"I'm not certain yet," said I. "I'm thinking it over. I don't see why I should be sent off across the water with strangers, at a moment's notice, and I——"

"'Tisn't a moment's notice. It's five days. They're not sailing till Wednesday, and as they've a suite engaged,—the best on the ship, Mrs. Ess Kay says,—your going won't put them out a bit, and they'll love having you. As for the whys and wherefores, Mother's been telling you, hasn't she?"

"She talked about my health and valuable experiences, and a lot of things in the air, but I feel there's something behind it, and I hate mysteries——"

"If I can convince you it's for the good of the family in general, if not yours in particular, will you be a nice, white, woolly lamb, and go with your kind little American friends?" Vic broke in, with her head on my shoulder and an arm slipped round my waist.

"Mrs. Ess Kay's neither little nor kind," said I, "but, of course, I'll do anything to help, if only I'm treated like a rational, grown-up human being."

"And so you shall be. I told Mother it would be much better to be frank with you, if you are a Baby. It's too late to explain things now, but if you'll be sweet to Mrs. Ess Kay, and agree with everything everybody says about your trip, when we come up to bed and Mother's door's shut, I'll make a clean breast and show you exactly how matters stand."

With this, we separated, for we could hear Mrs. Ess Kay's voice in the corridor, talking to Sally Woodburn on the way downstairs. Her voice is never difficult to hear; rather the other way; and Miss Woodburn's soft little drawl following it, reminded me of a spoonful of Devonshire cream after a bunch of currants.

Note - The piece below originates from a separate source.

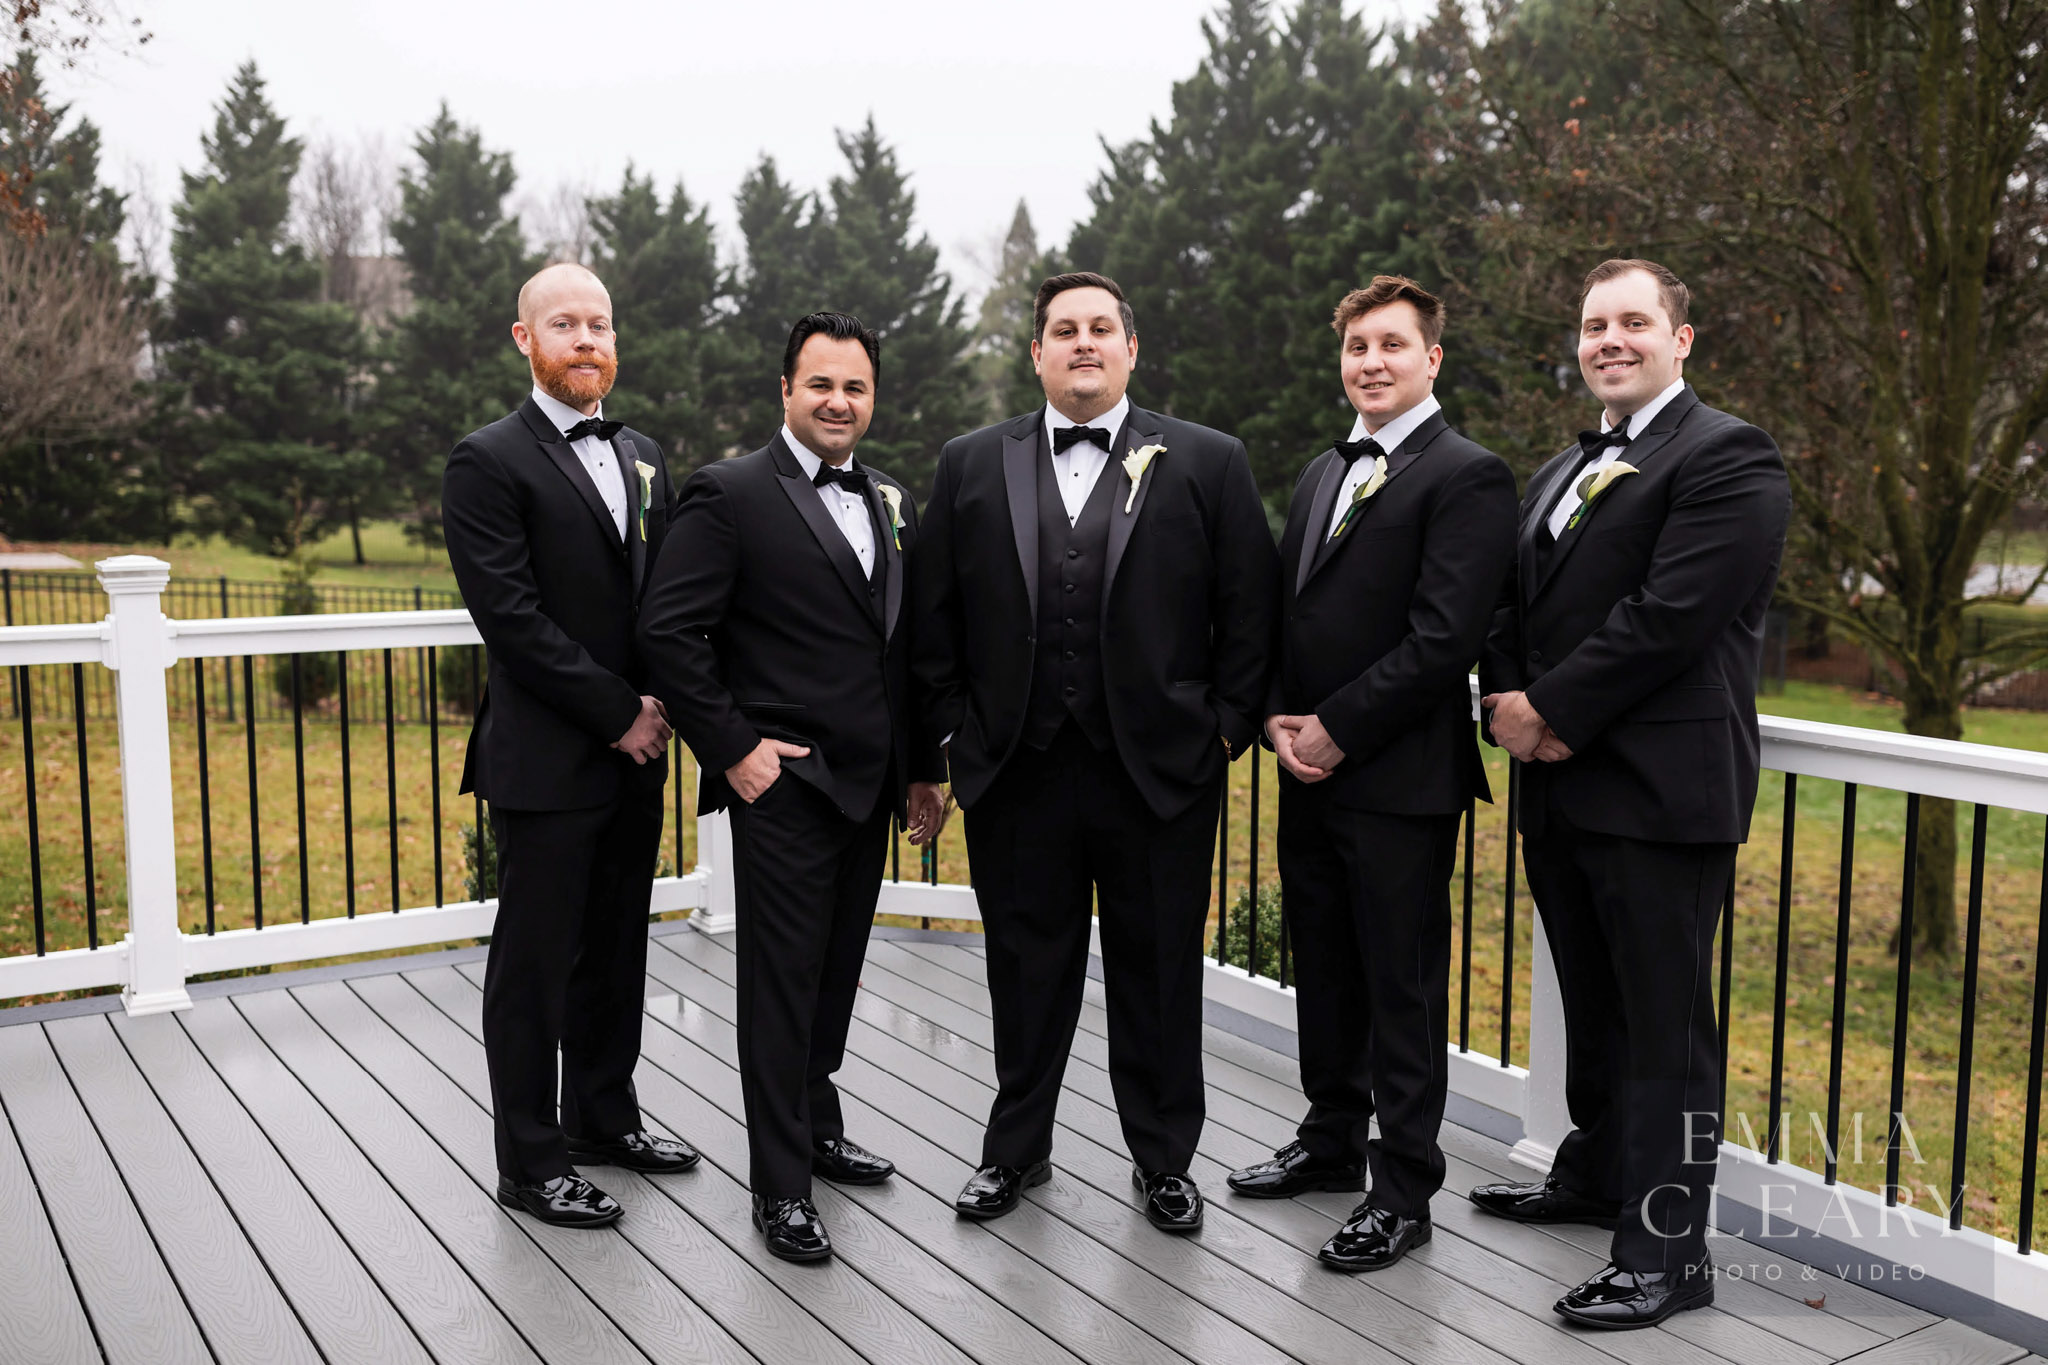 Outside image of the groom and groomsmen

Mother was with them both in the oak drawing-room when Vic and I got down, and I found myself staring at Mrs. Ess Kay with a new kind of criticism in my mind; indeed, it hadn't occurred to me before to criticise at all. I'd only felt that I didn't want to come any closer to her. Now I was to come much closer, it seemed, and I looked at the glittering lady, wondering how it would feel to be so close—wondering what she herself was.

Outside, she's more like the biggest and most splendid dressmaker's model ever made for a Paris show-window than anything else I can think of; at least, she is like that from under her chin down to the tips of her toes. I say under her chin, for that feature, as well as all the others above it, are miles removed from a pretty, wax lady in a show-window.

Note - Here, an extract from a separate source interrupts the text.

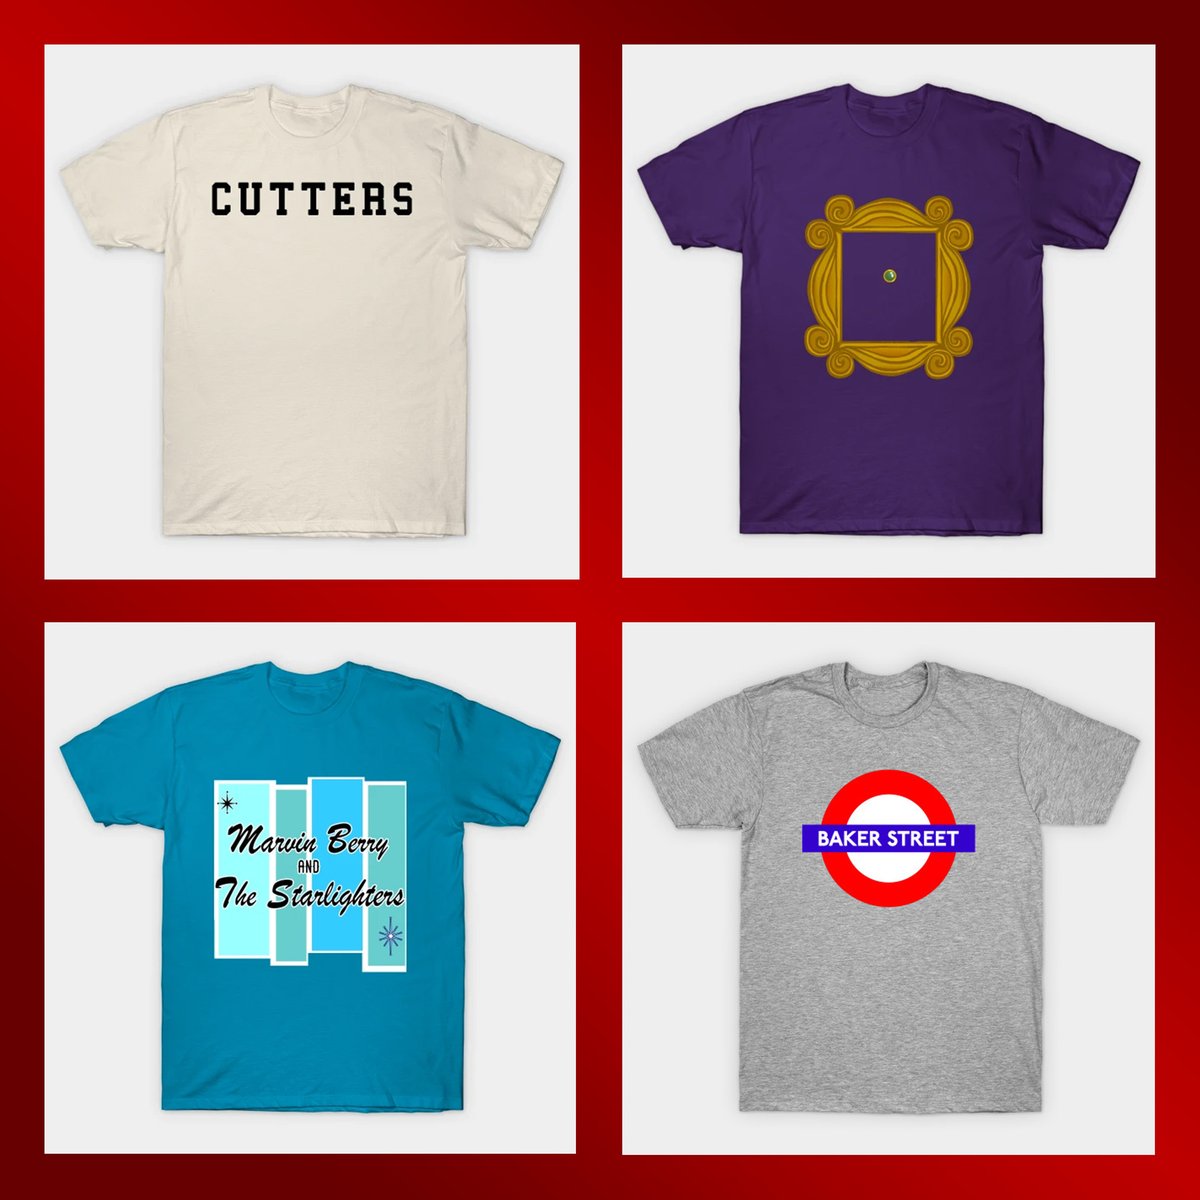 We're A Mom+Pop Graphic Design Shop That Sure Could Use Your Support! #SmallBusiness #ShopSmall #Cutters #BreakingAway #Friends #NewYorkCity #MarvinBerry #BackToTheFuture #BakerStreet #Sherlock teepublic.com/user/vandalay-…

I never supposed till I met Mrs. Stuyvesant-Knox, that a live woman could have a figure exactly like the fashion-plates, swelling like a tidal wave above an hourglass of a waist, and retreating far, far into the dim perspective below it, then suddenly bulging out behind like a round, magnificent knoll, after a deep curve inward under the shoulders. But Mrs. Stuyvesant-Knox's figure does all these things even when she stands still, and a great many more when she walks, which act she accomplishes in a grand, sweepy kind of a way, with her head a little thrown back, as if she wants everybody to know that she is tremendously important in the scheme, not only of the world, but of the universe.